Contact Us

Kockpit is here to help you

Business Form

How to Integrate and Restore Azure Data Factory via GitHub

Azure Data Factory is a tool provided by Microsoft Azure, making the ETL process hassle-free. One does not need to learn to code for data integration and data transformation, Azure Data Factory offers a code-free UI for the user, enabling the user to drive business and IT-led Analytics/BI.

In the article, we are going to demonstrate how to integrate GitHub with Azure Data Factory, followed by how to restore an ADF instance using GitHub.

A burning question might come to your mind, i.e., why integrate with GitHub? It's because whenever we publish the changes in ADF, if it is connected with a GitHub account a backup of the ADF is created on GitHub. You can also find versioning options on GitHub.

Steps to Integrate GitHub With Data Factory

Integrating GitHub with Azure Data Factory enables version control and backs up our Data Factory Instance even without validation is the biggest plus point. To integrate your GitHub with Azure Data Factory, just follow these steps.

Step 1. Log in to your GitHub account. Click on “New.”

Step 2. In the repository name, type “ADFBackup.” Then select private or public as per your preference.

Step 3. Click on “Create Repository.”

Step 4. Log into your Azure account. Open Azure Data Factory Instance. Click on “Launch Studio.

Step 5. From the left side vertical menu, click on “Manage.

Step 6. Click on “Git configuration” and then “Configure.”

Step 7. Open the drop-down menu under the heading “Repository type” and select “GitHub.

Step 8. In the GitHub repository owner, enter your GitHub username and click on “Continue.

Step 9. Click on the drop-down menu under Repository Name and select the repository we created in Step 3.

Step 10. Select the Collaboration branch as “main” and select Import resource into this branch as “main” and click on “Apply.”

Step 11. In the next step, select the Working branch as “main” and click on “Save”. You can create a new Working branch here or later on as well.

Step 12. Then, head back to the author mode from the left-hand side vertical menu. You have two options, you can either click on “Save all” or “Publish.”

Note: By clicking on “Save all” you can save the pipelines, datasets, etc. without validating them. They will be saved on the GitHub repository. By clicking on “Publish”, all the changes will be pushed to the Live Data Factory. But, you have to validate all (means no error) before publishing it.

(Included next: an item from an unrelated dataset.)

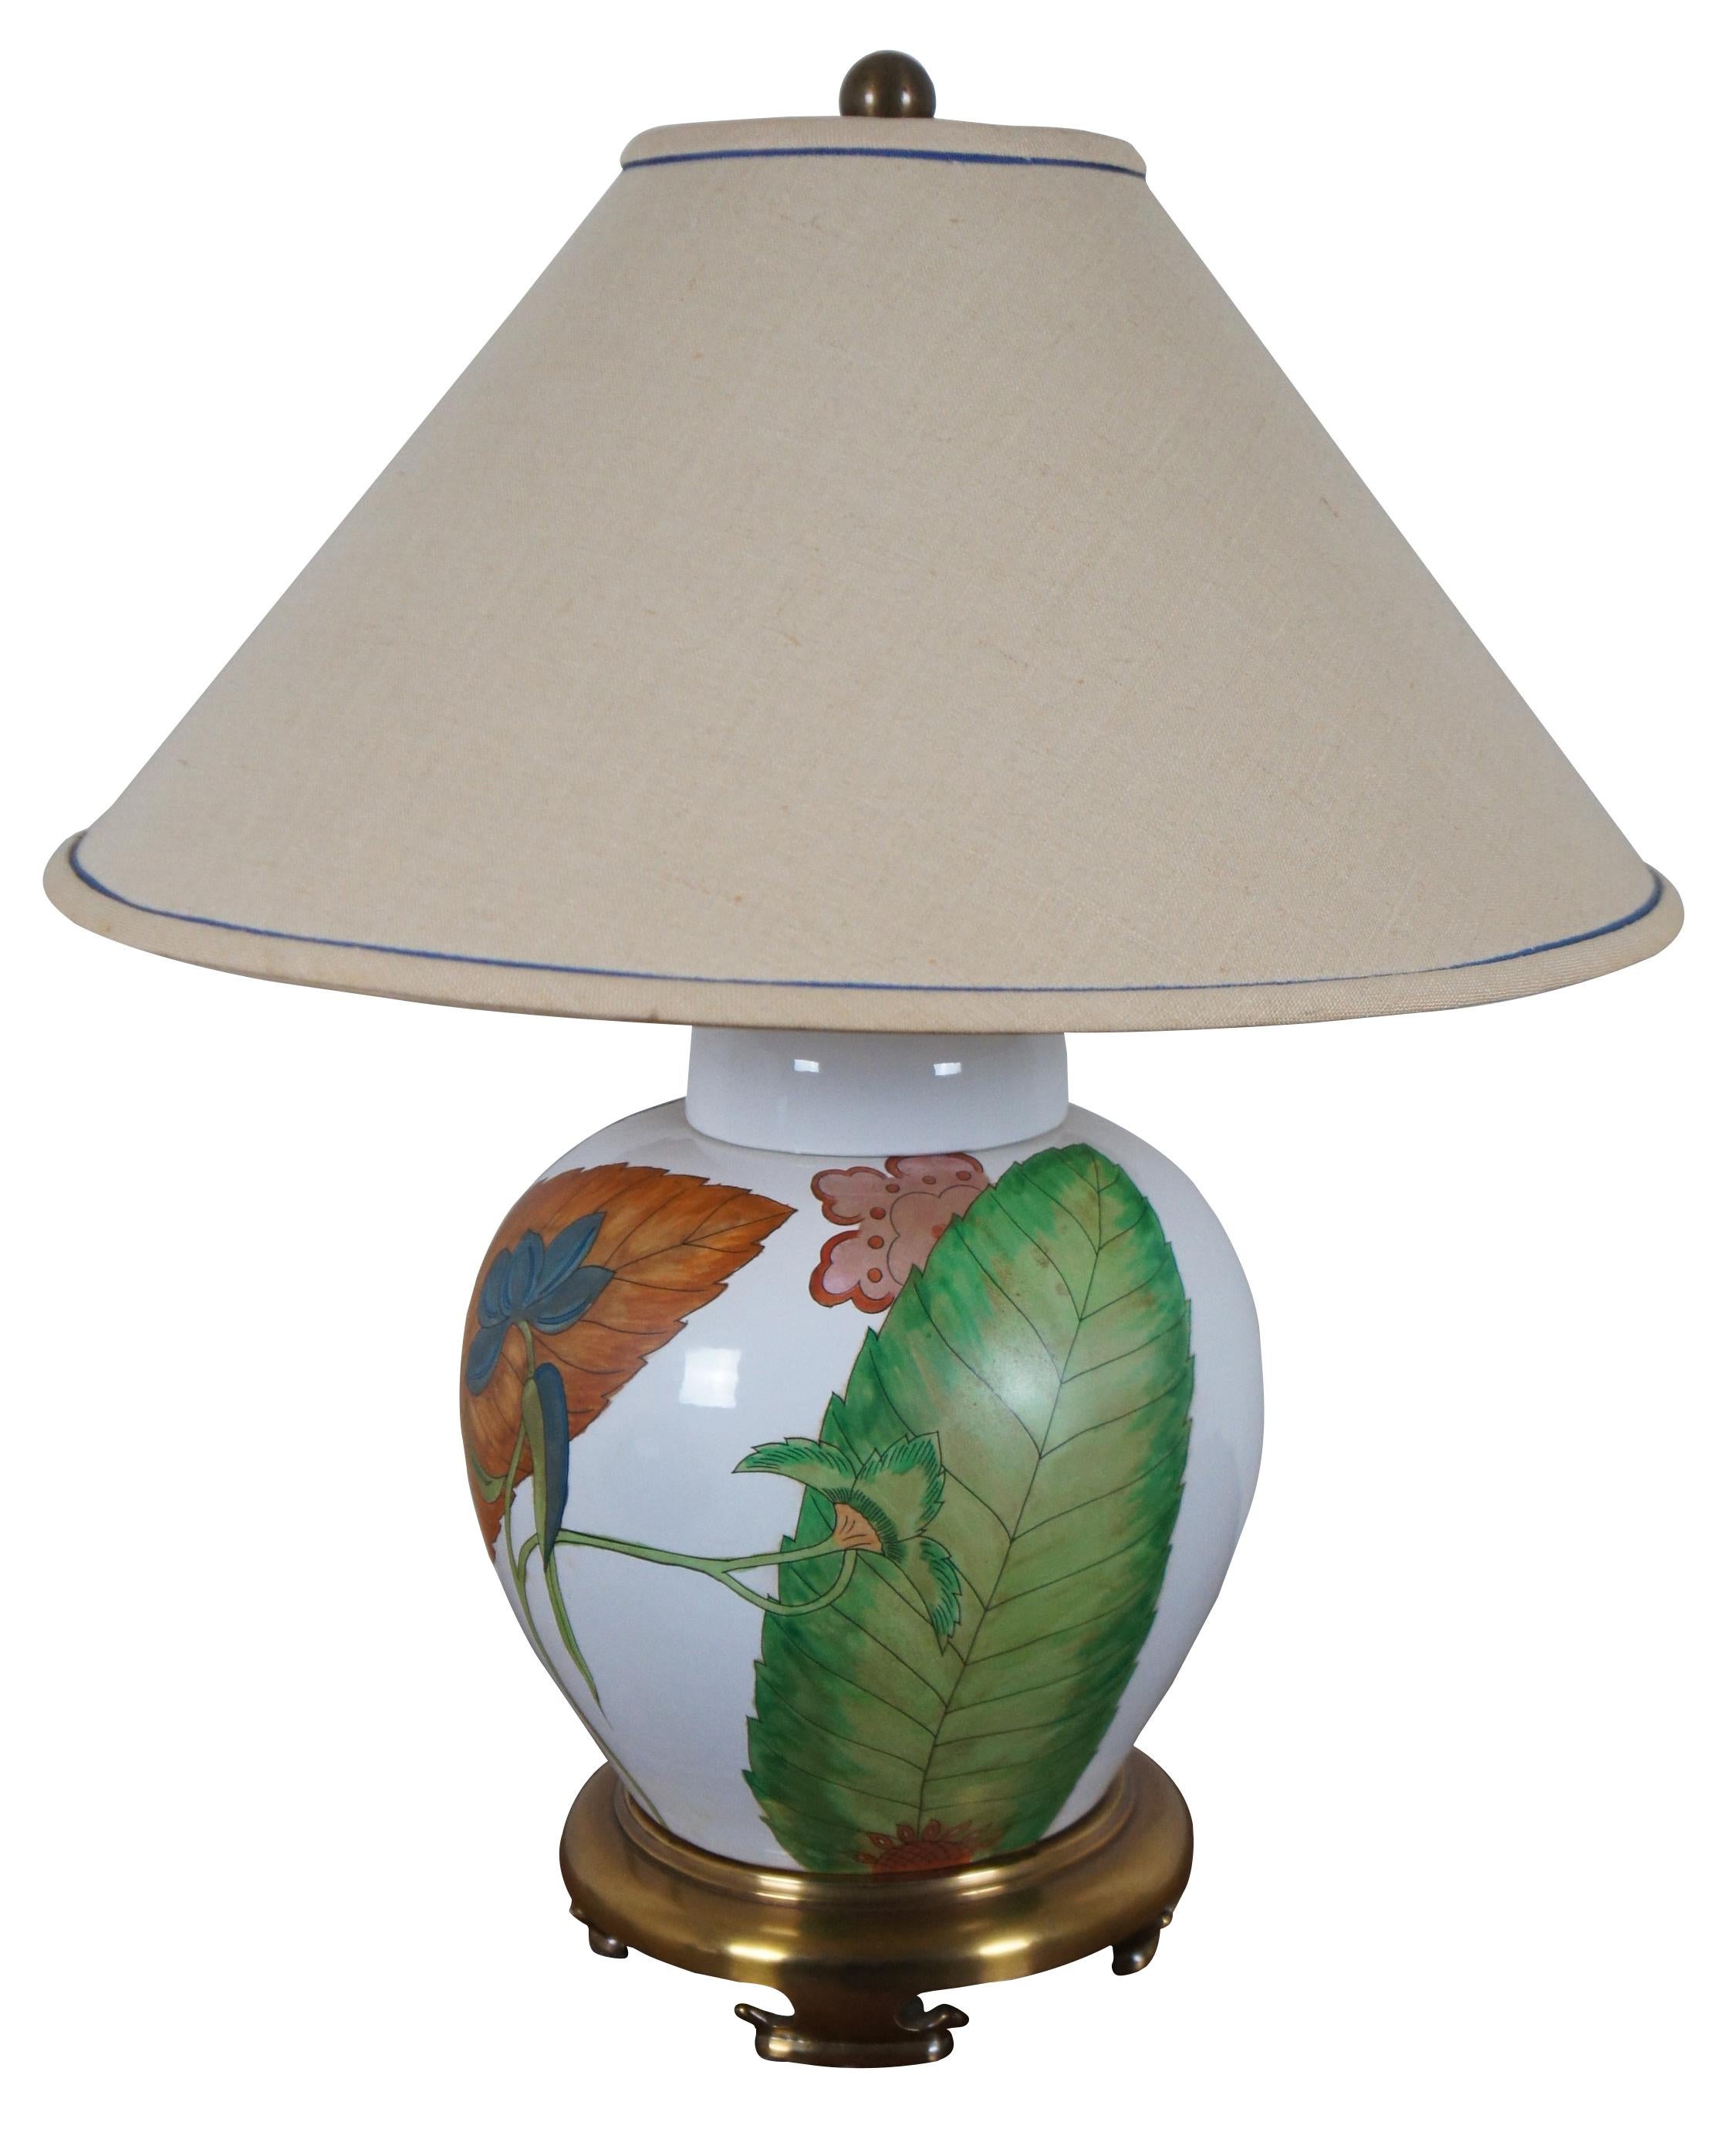 Vintage Chapman ginger jar table lamp circa 1980’s; white glazed porcelain with orange, blue, pink and green matte painted leaves and flowers, brass base and finial.

Measures: 11” x 18.5” / Shade - 21.25” x 9.5” / Height to Top of Finial – 26.5”

There will be a new branch created on the GitHub repository named adf_publish, which will contain a JSON file to restore our current data factory instance.

Step 13. By clicking on the top left-hand side drop-down menu, you can switch between GitHub repository and live data factory mode.

Steps To Restore Data Factory Instance

After the integration, it's important to understand how this integration helps us restore our Azure Data Factory. Follow the steps below:

  • Open Data Factory Instance. Click on “Launch Studio”.

  • From the left-hand side vertical menu, click on “Manage”, then “ARM template”.

  • Click on “Import on Azure portal.”

  • Tap on “Build your own template in the editor.”

  • Open browser. Log into GitHub. Click on the repository we selected for our data factory. And open the branch and select adf_publish.

  • Click on the folder having the name same as your Data Factory as shown below.

  • Click on “ARMTemplateForFactory.json”.

  • Click on the three dots on the right and side. Then tap on “Download.”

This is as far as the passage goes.